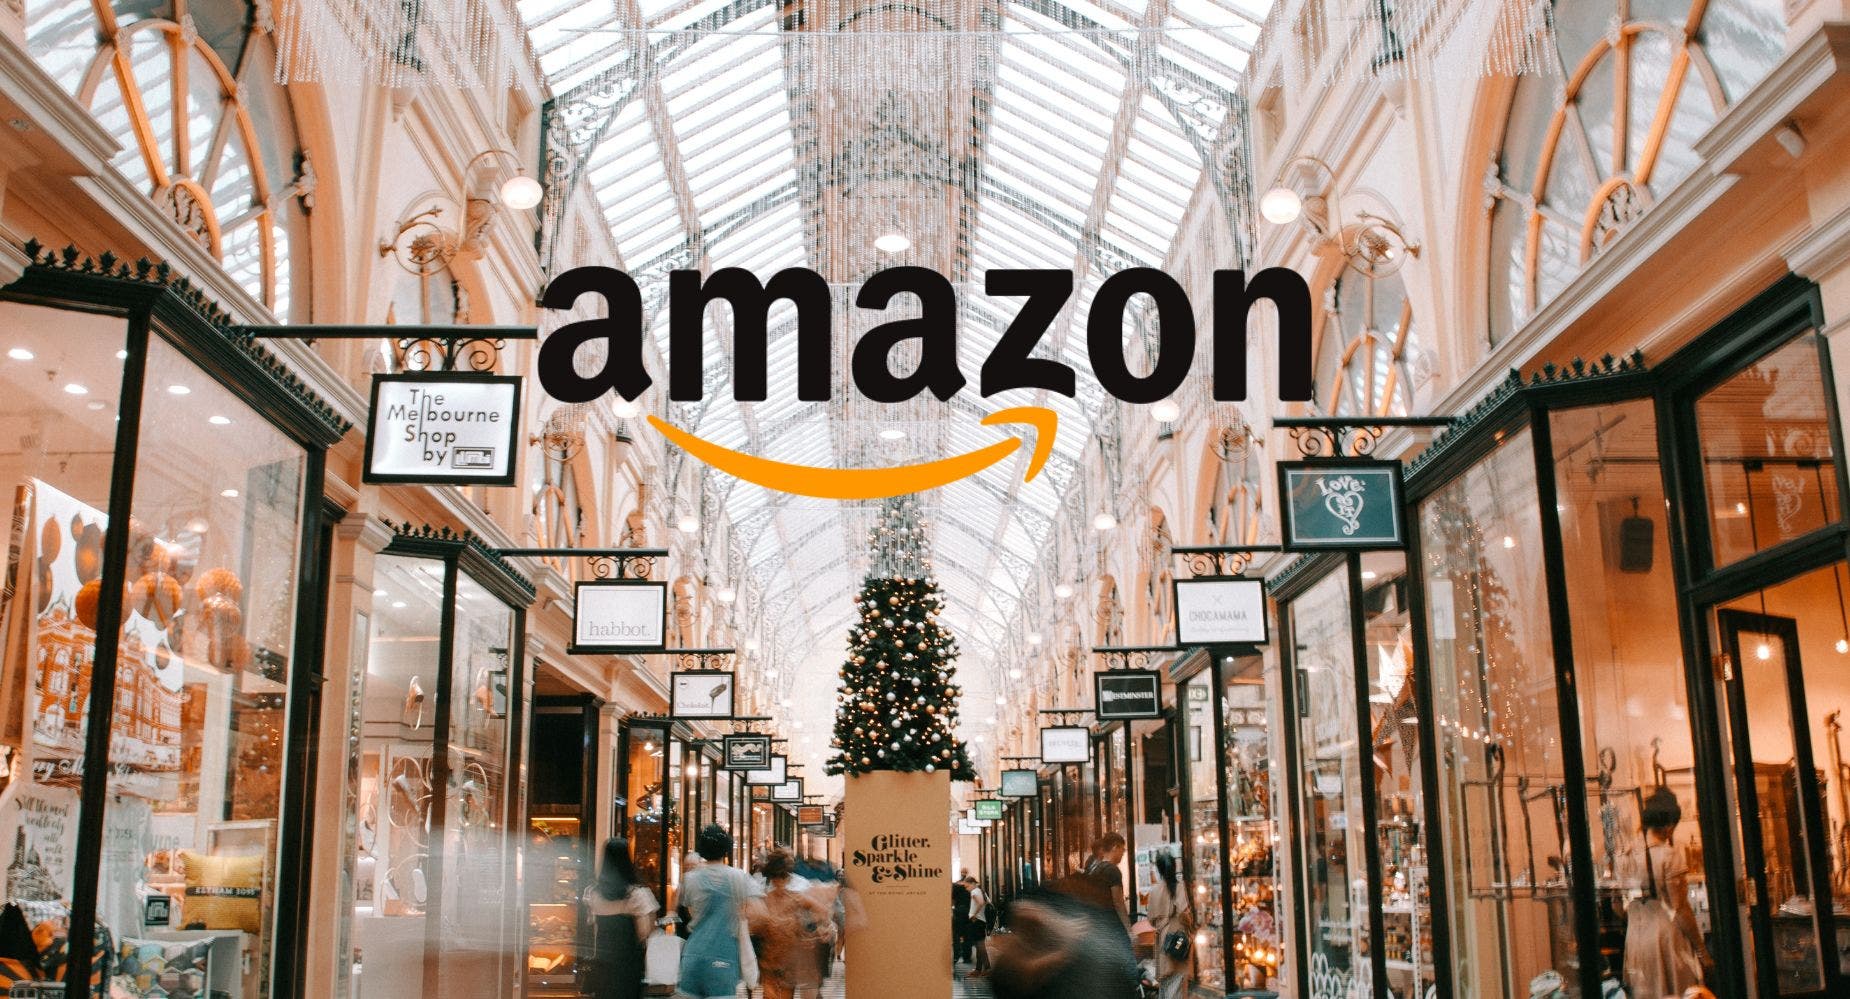 Amazon Records 'Biggest Holiday Shopping Weekend Ever': Here Are The Hottest Selling Items
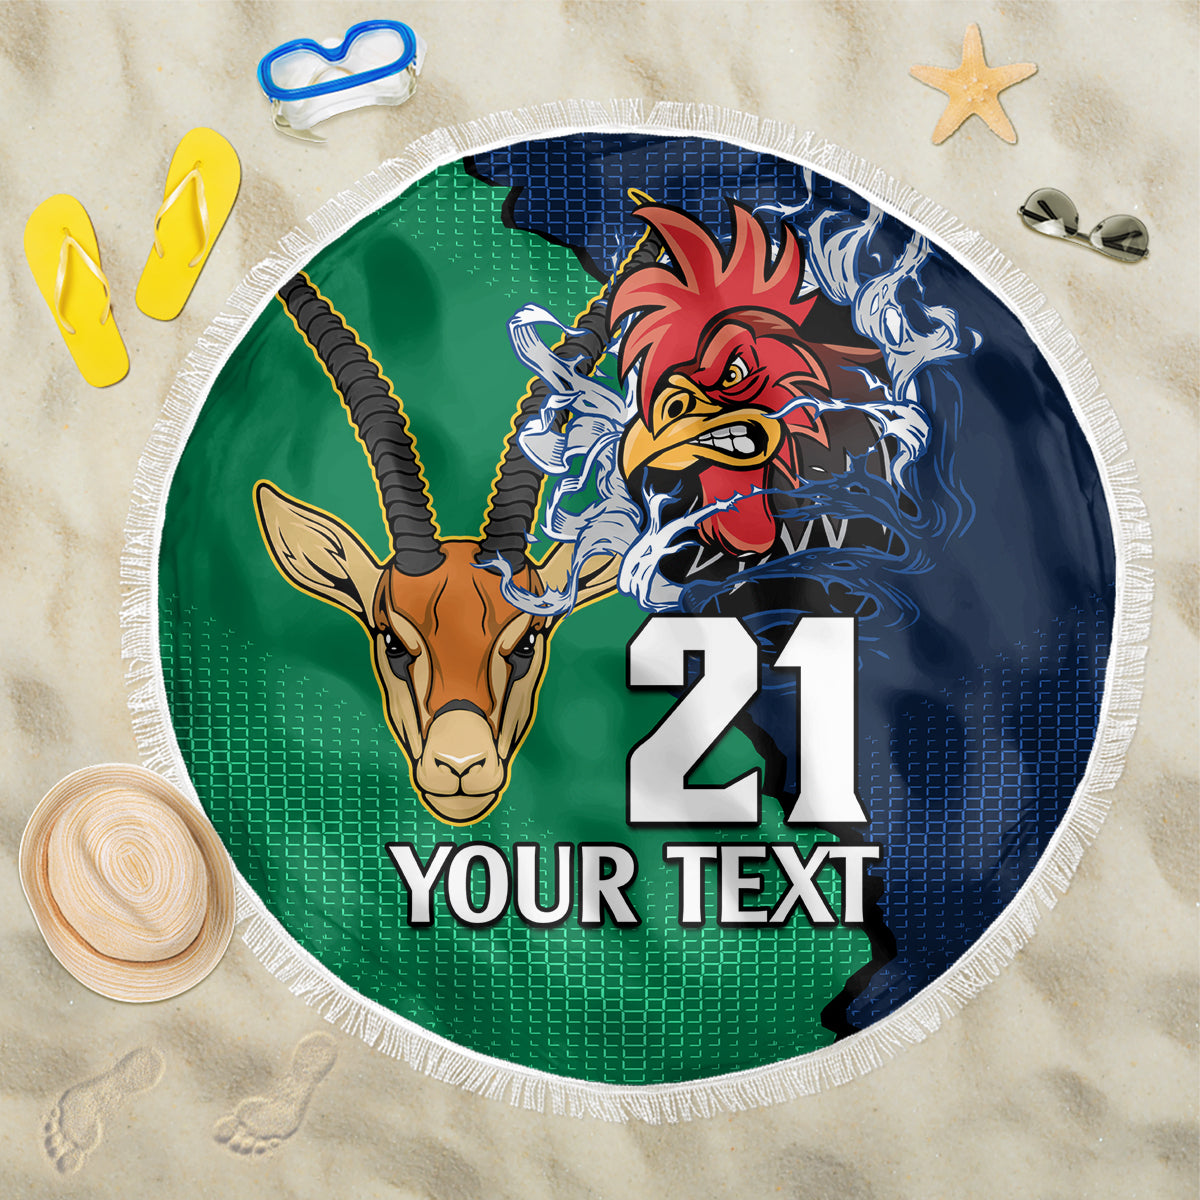 custom-france-south-africa-rugby-beach-blanket-springboks-and-gallic-rooster-world-cup-2023
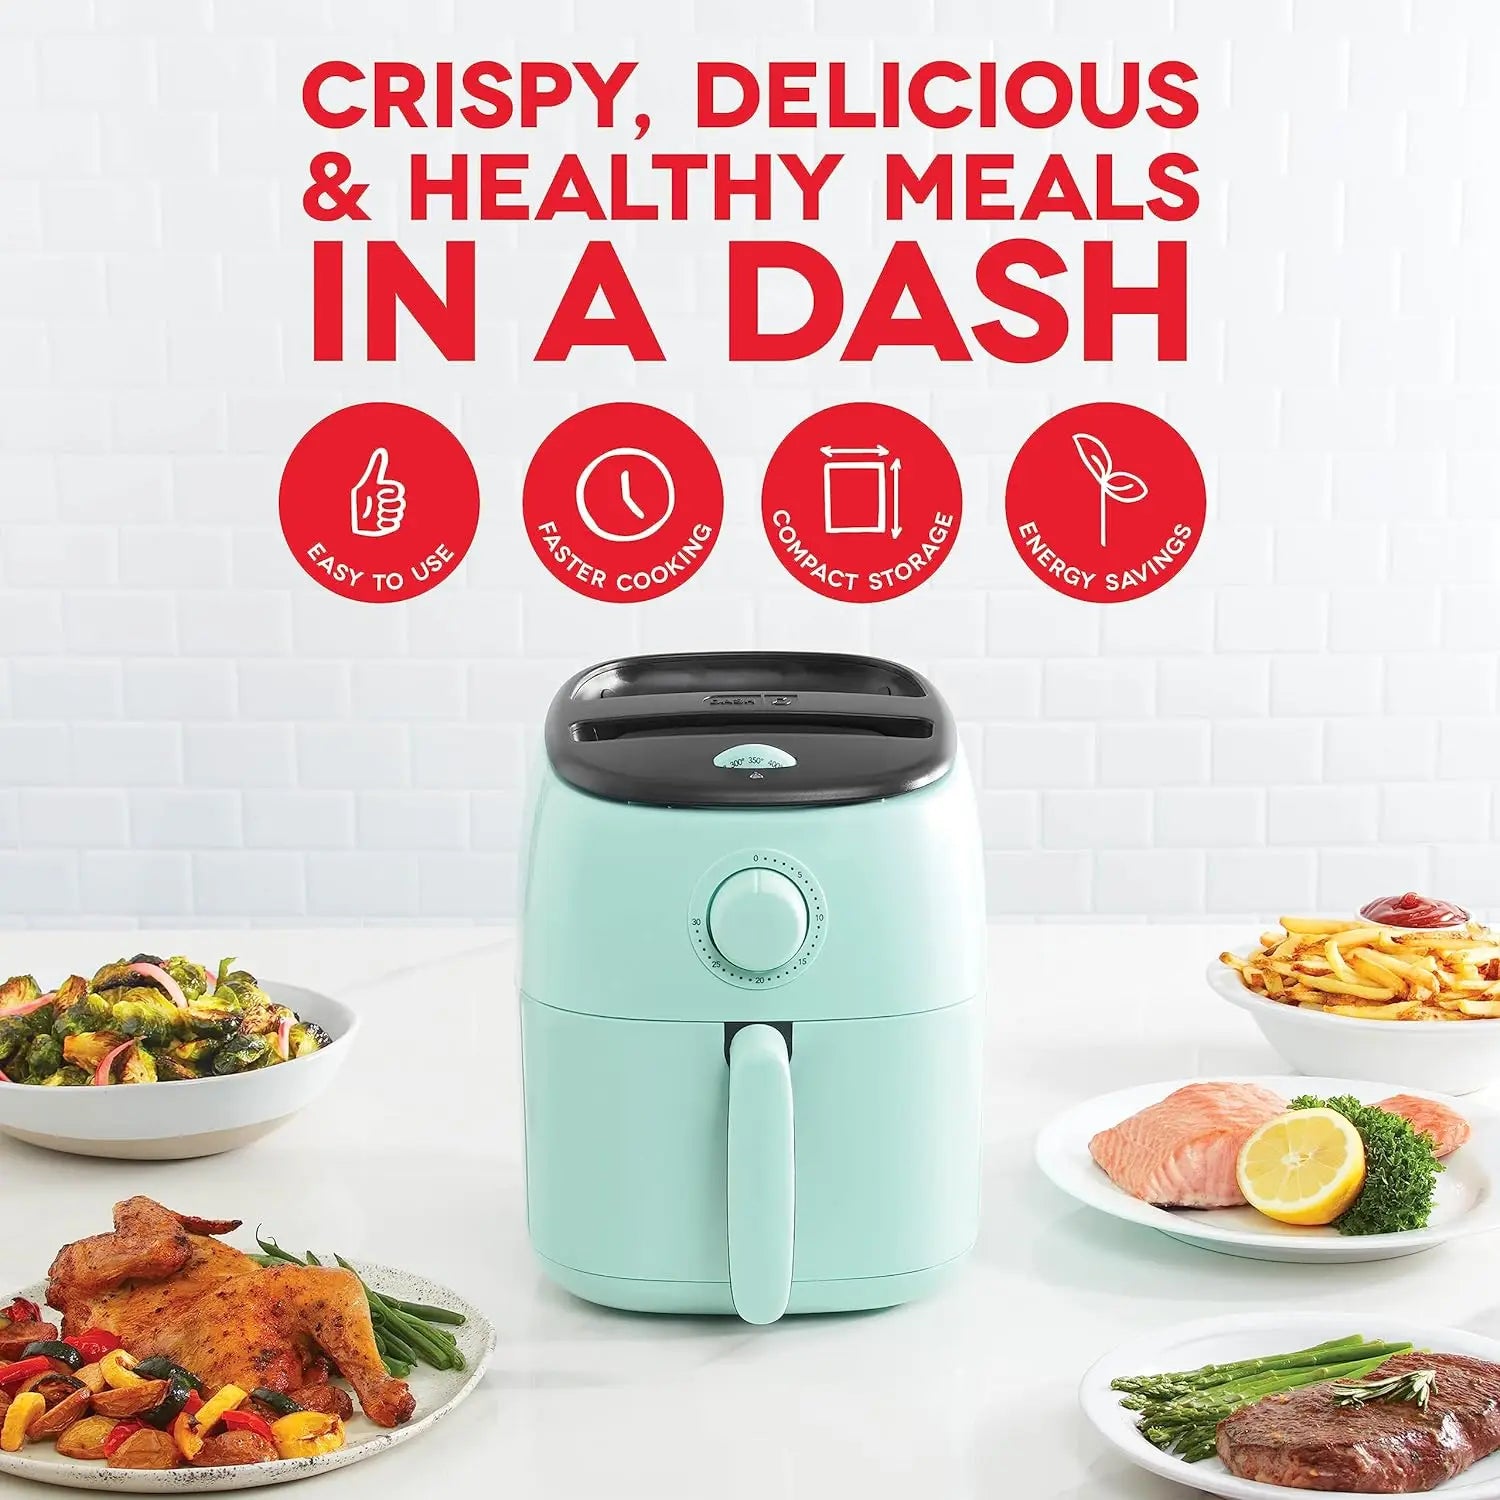 Electric Air Fryer + Oven Cooker with Temperature Control, Non-stick Fry Basket,  Auto Shut Off Feature,2.6 Quart - Teal

→ **To do**: Please reproduce the data above word for word, skipping all images.

→ **Answer space**:
 Amazon Records 'Biggest Holiday Shopping Weekend Ever': Here Are The Hottest Selling Items
 custom-france-south-africa-rugby-beach-blanket-springboks-and-gallic-rooster-world-cup-2023
 Electric Air Fryer + Oven Cooker with Temperature Control, Non-stick Fry Basket,  Auto Shut Off Feature,2.6 Quart - Teal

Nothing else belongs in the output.